Now put your plan into action for a few weeks. Is weight coming off? No? Then reduce by another 100 calories and see again in another couple of weeks. Keep checking and adapting as you go and you’ll quickly get a good sense for the rough calories that make up a meal. Within a few weeks you can look at a plate and know what 300/500/1,000 calories instinctively looks like. Pre-workout food is fine, on the bike food is fine and snacks are fine as long as you can fit them in your food budget. This is a very scientific and controlled approach, but it will work. A calorie deficit for a year requires motivation and discipline. It will have an impact on the people around you who in most cases will not actually be that supportive.

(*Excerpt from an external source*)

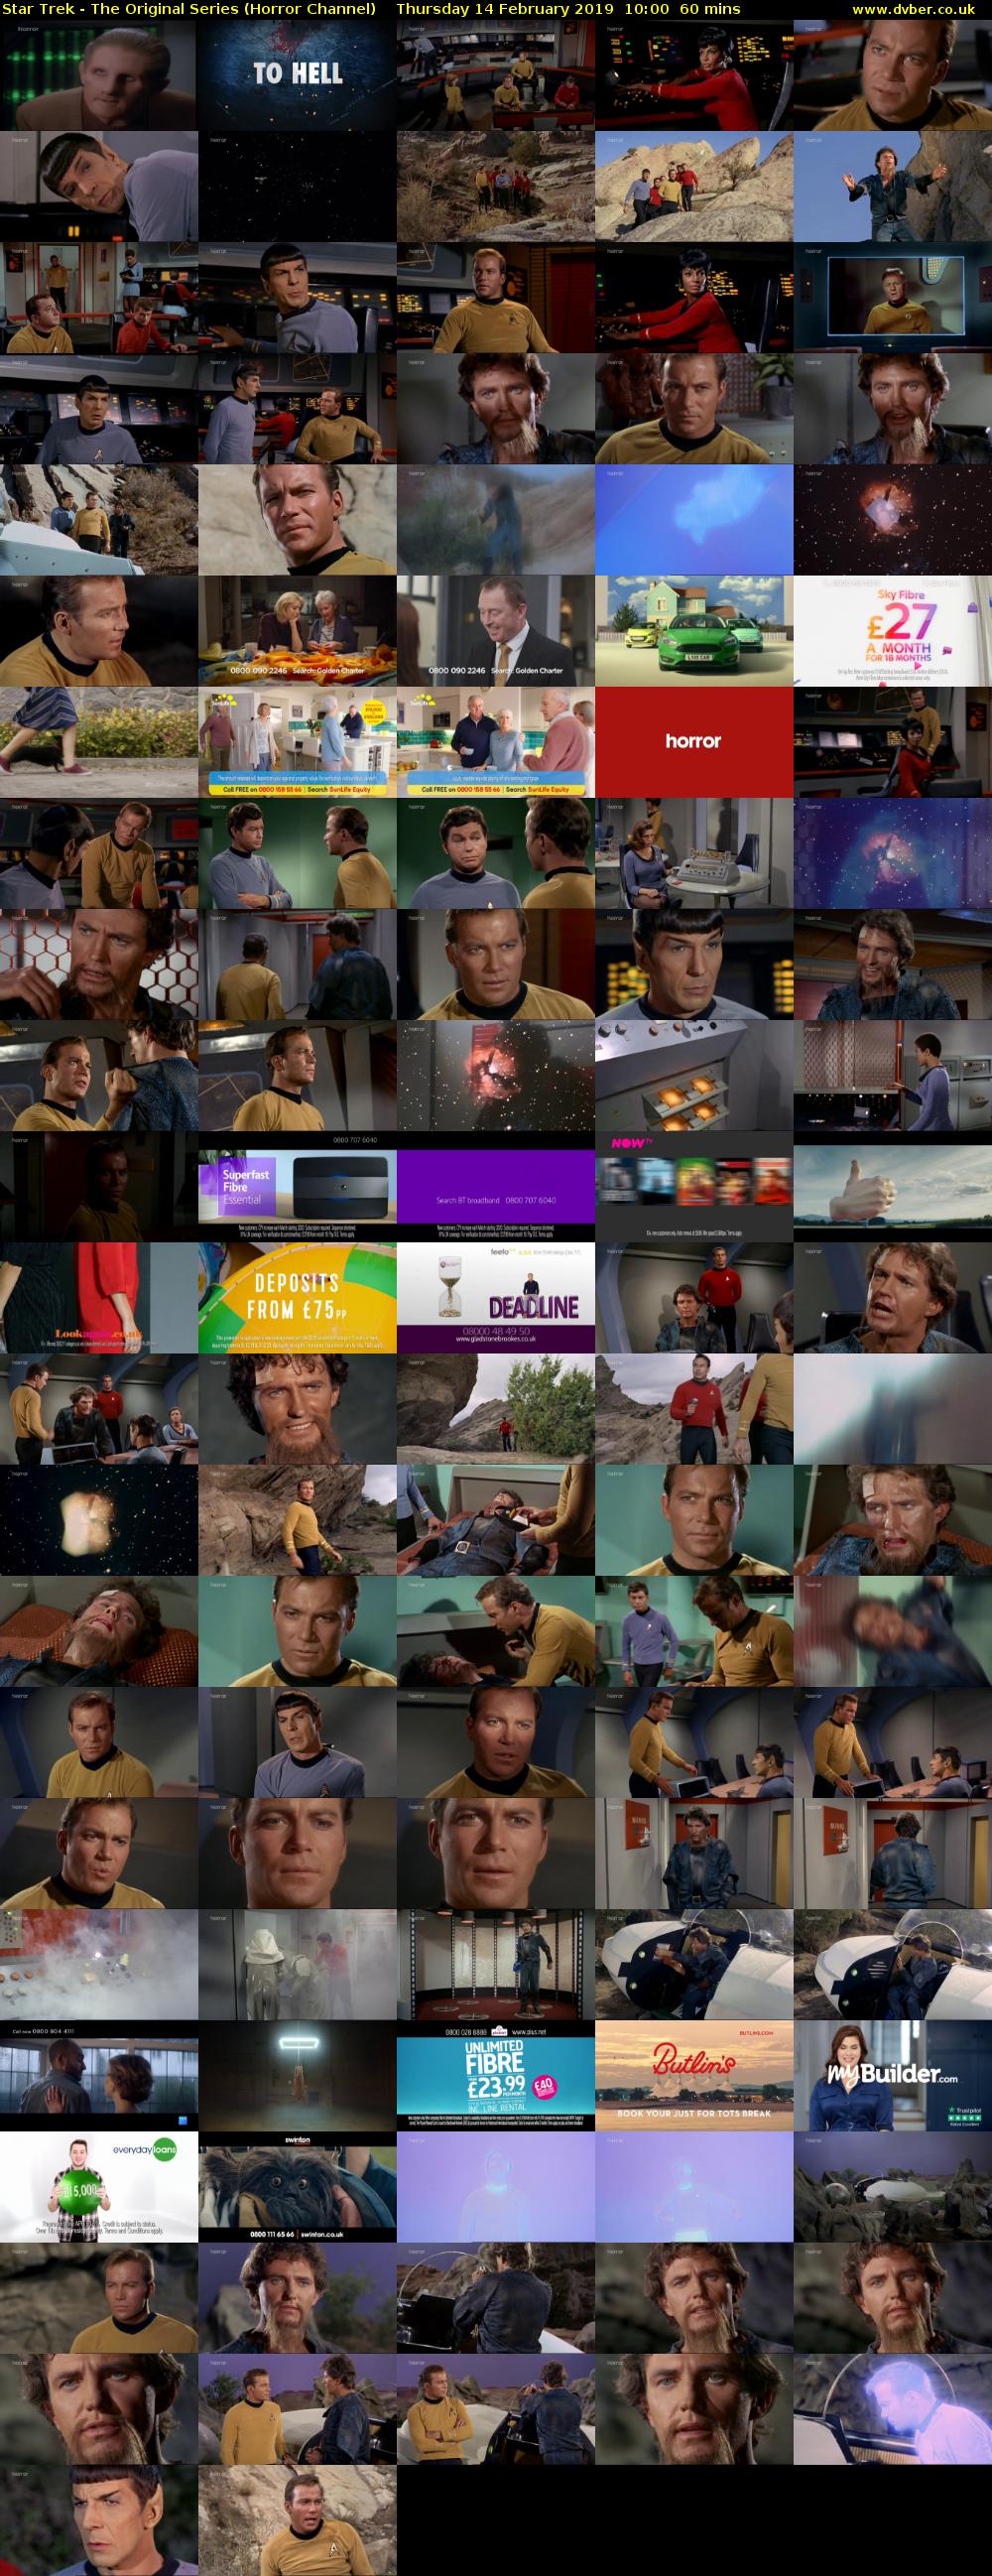 Star Trek - The Original Series (Horror Channel) Thursday 14 February 2019 10:00 - 11:00
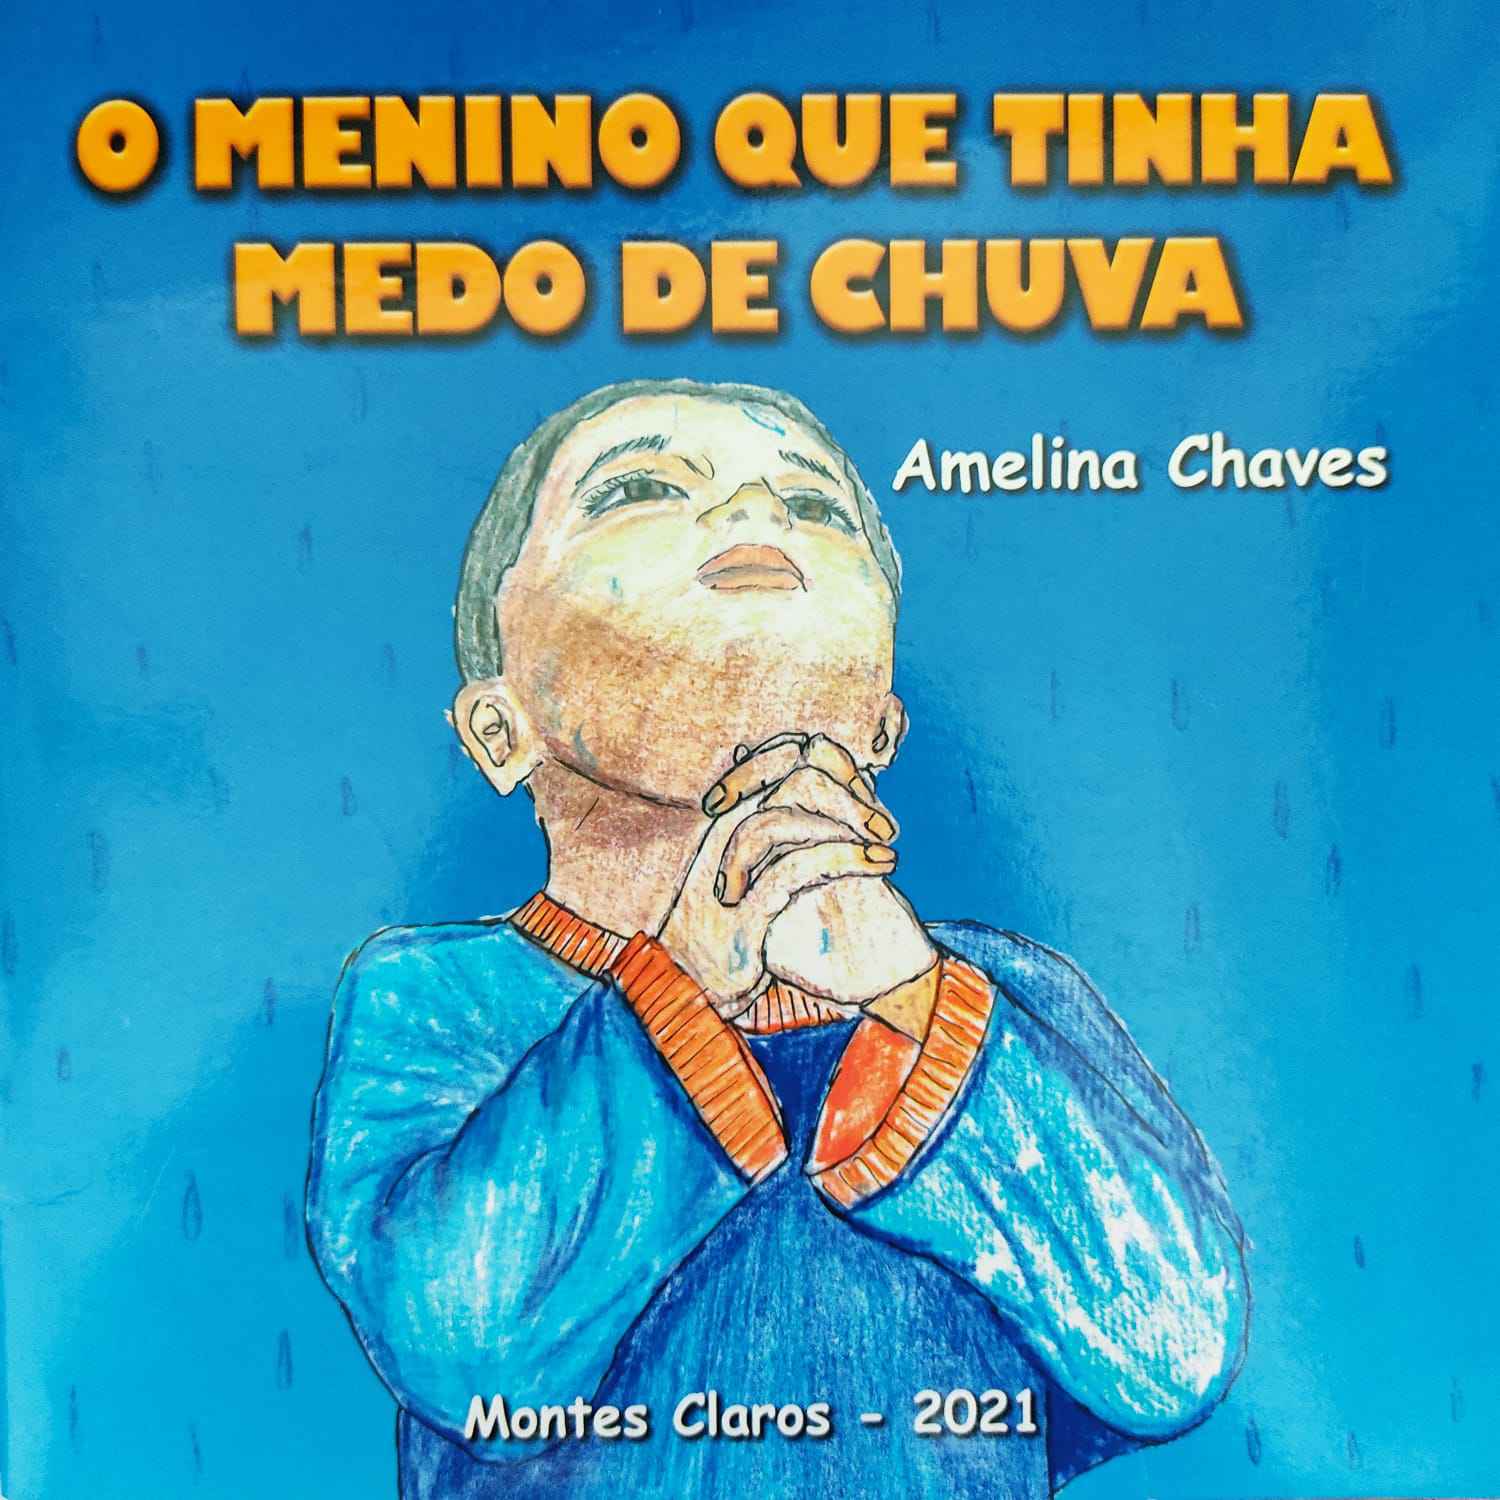 'O menino que tinha medo de chuva' é lançado no mês em que Amelina Chaves completa 90 anos de vida

It’s an odd thing in our society that if you’re visually overweight, people will be supportive if you say you’re “on a diet and can’t eat cake”. But if you already look lean but you want to lose 27 lbs, they scratch their head. When you say you don’t want a burger, fries and a beer (1,200 calories) and would rather have salad and water, they’ll tell you that you already look great and “have nothing to worry about”. It takes mental toughness to get to the level of body fat that you are aspiring to. It’s achievable and I think worthwhile, but you need to figure out the sustainable system that works for you. The approach above is what I have used with success, but may not work as well for you. Make a plan, try it out, measure the results and adapt things as needed.